Telomeres and Aging

The connection between stress, telomeres and aging, as well as how to prevent accelerated telomere shortening for a healthier long life is well documented. 

Research into chromosomes and the end caps that protect them shows that physical and mental stress contribute to accelerated aging.  It also suggests that certain supplements, exercising smart, and reducing stress can protect and even lengthen telomeres to turn back the hands of time. 

What are Telomeres?

Telomeres are the protective 'caps' made of junk DNA located on each end of the chromosomes. They allow cells to replicate, or divide, without damaging the DNA inside them.

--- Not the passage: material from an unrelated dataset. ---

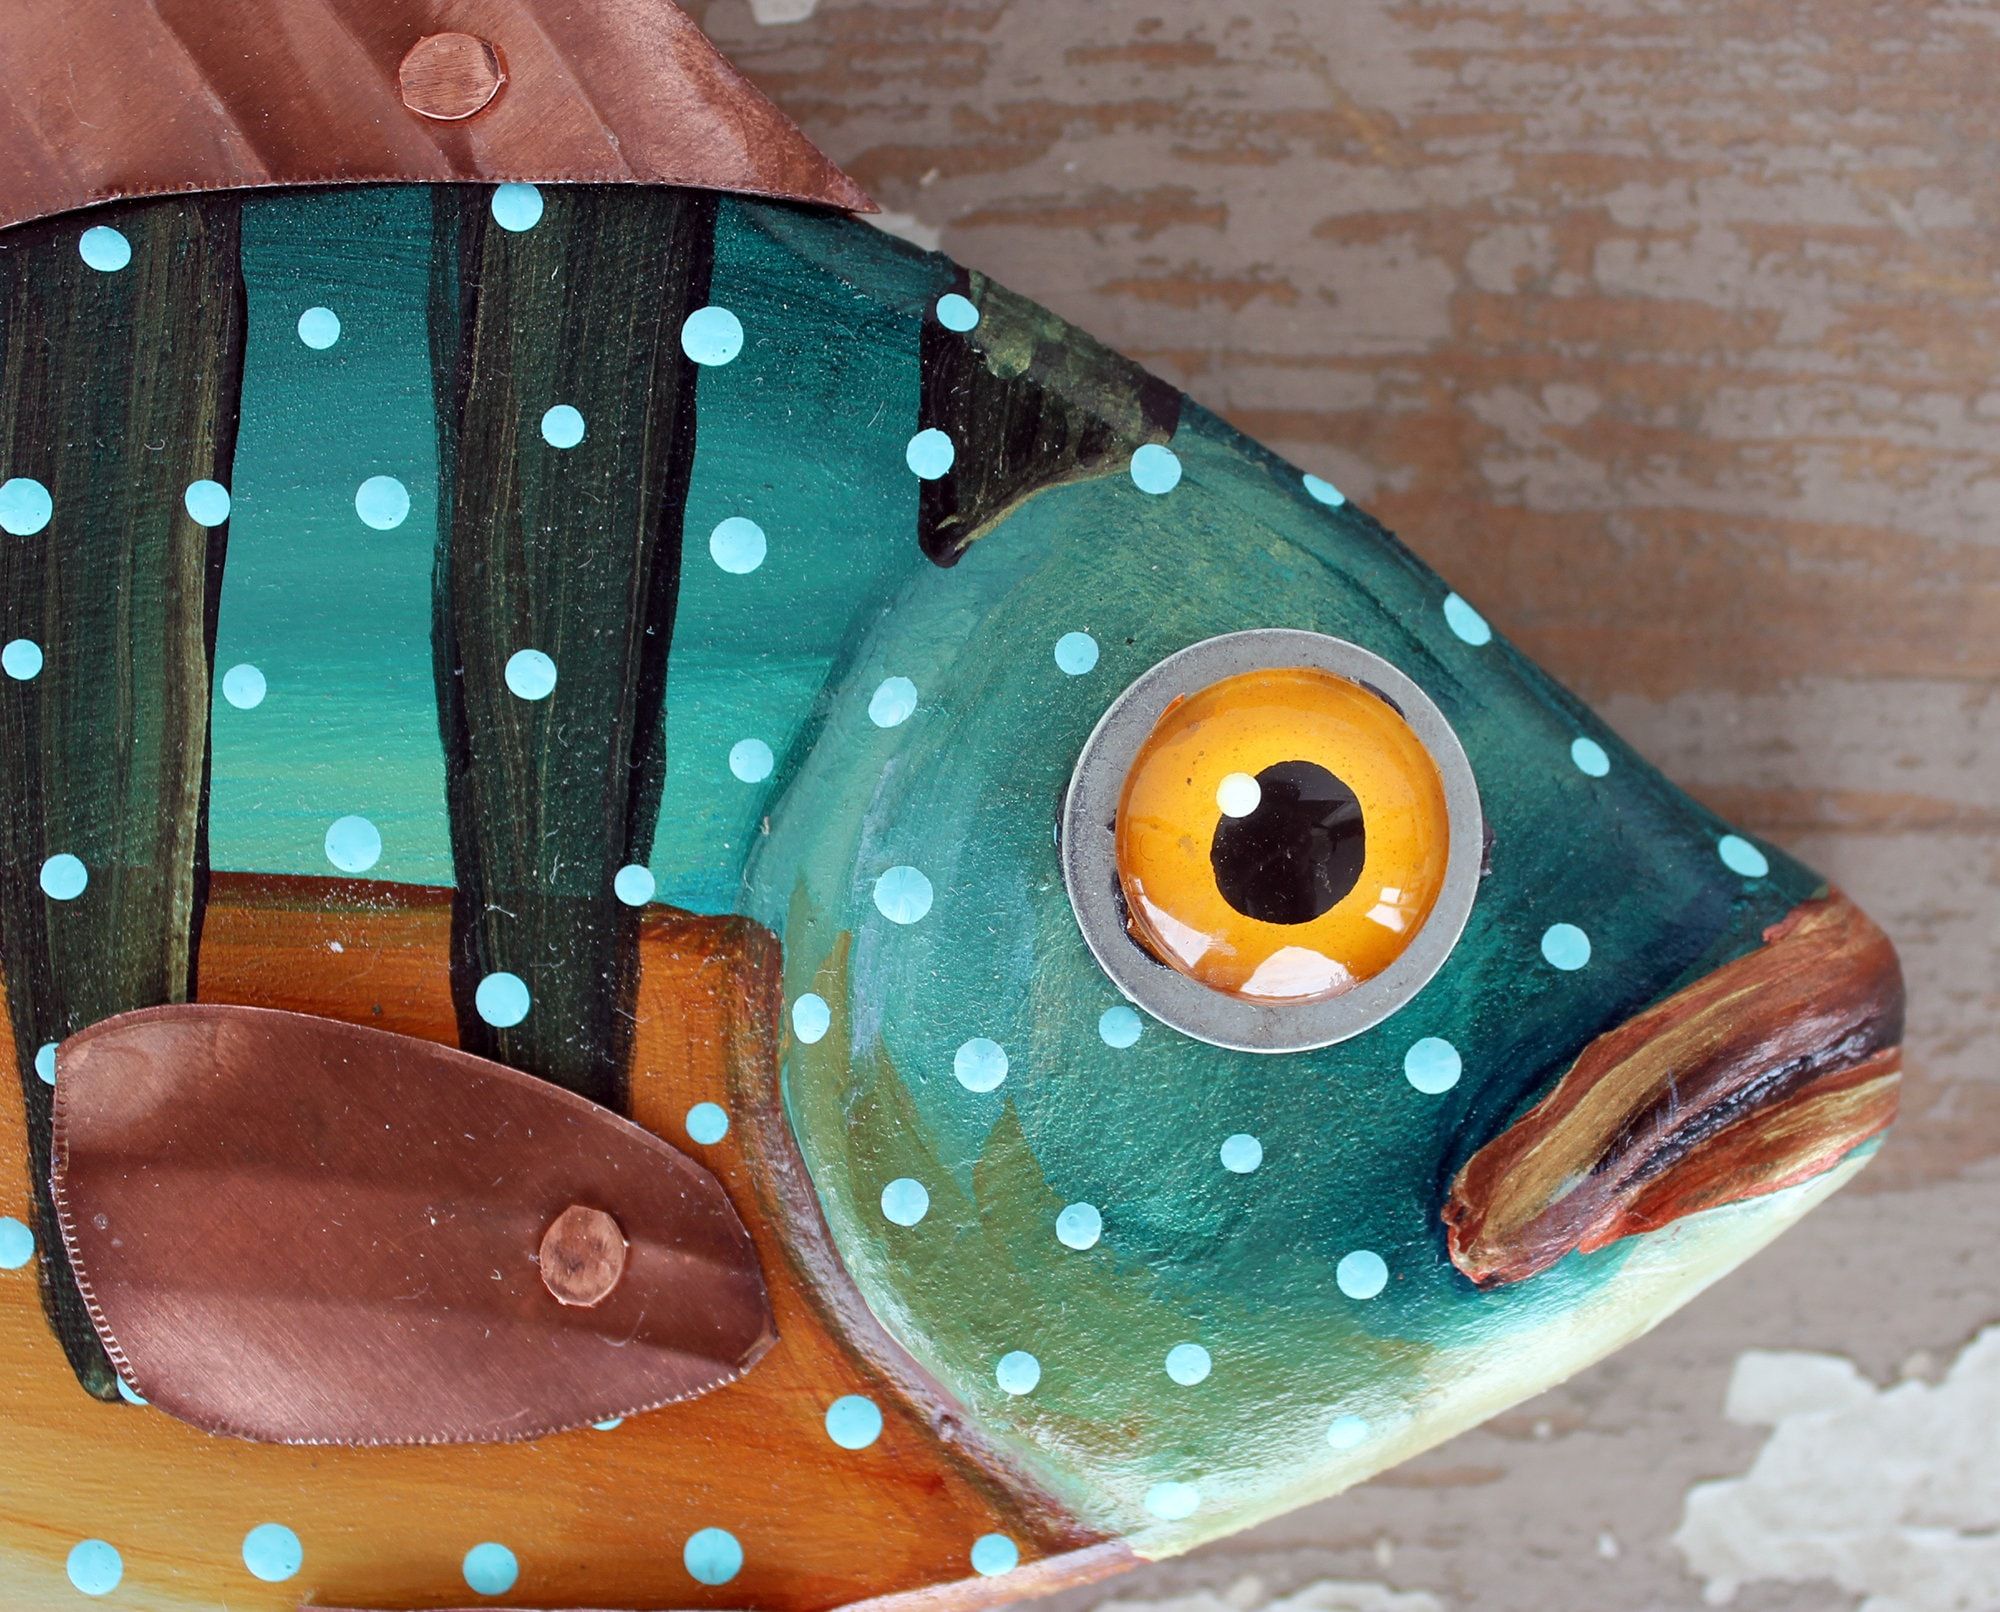 Cece 10, Sunfish Minnow, Happy Hand Painted Wood Fish Wall Art,copper Within Most Recent Fish Wall Art (View 7 of 20)

Normally, a cell copies itself about 50 times before the end caps get too short to hold the DNA together. At this point, the cell can no longer divide. It dies and is replaced with a new on.  Skin cells and stem cells are two types of cells that divide this way. Your body replaces about 30 billion cells every day.

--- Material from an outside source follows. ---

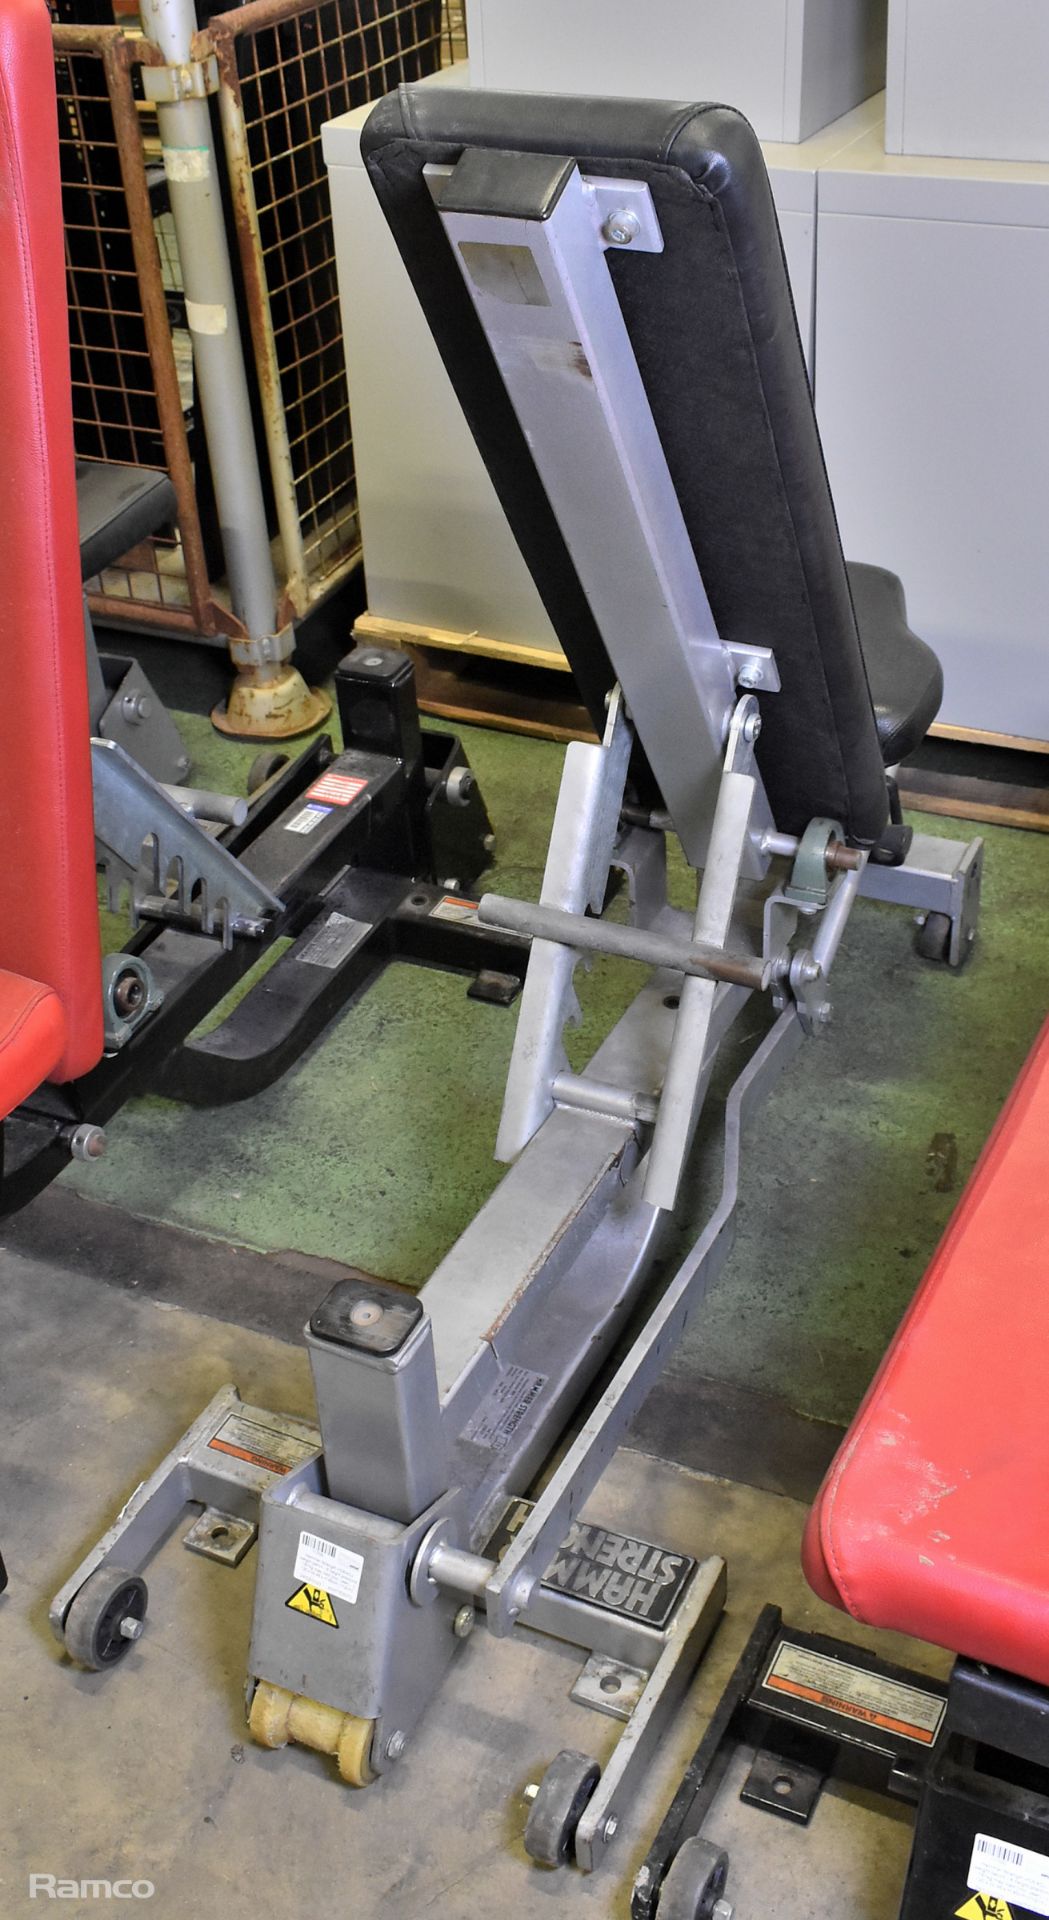 Hammer Strength HDEADJ weight bench - 6 height positions - 181 kg max load (incl. user) - Image 2 of 5

Heart and nerve cells do not divide. Younger cells, immune cells, and reproductive cells (sperm and eggs) produce an enzyme called telemerase that keeps the caps long. This allows these cells to copy themselves indefinitely.

telomeres and aging

Scientists believe there is a connection between telomeres and aging.  Although there are other more factors related to aging, it appears that the length of your telomeres correlates to your biological age.

Shorter end caps indicate cellular aging. Longer end caps are a sign of youthfulness. Your brain, organs and systems function better.

Even though telomere shortening is expected as cells divide, things can sometimes go wrong. If the caps are too short as the cell divides, the ends of the chromosomes can fray or stick to each other. This scrambles the genetic information and puts you at risk for osteoporosis, obesity, insulin resistance, infectious disease, cancers and higher risk of dying from a heart attack.  

Stress and Telomere Shortening

Studies show clear evidence of the relationship between stress, telomeres and aging. Stress, in its many forms, speeds up telomere shortening.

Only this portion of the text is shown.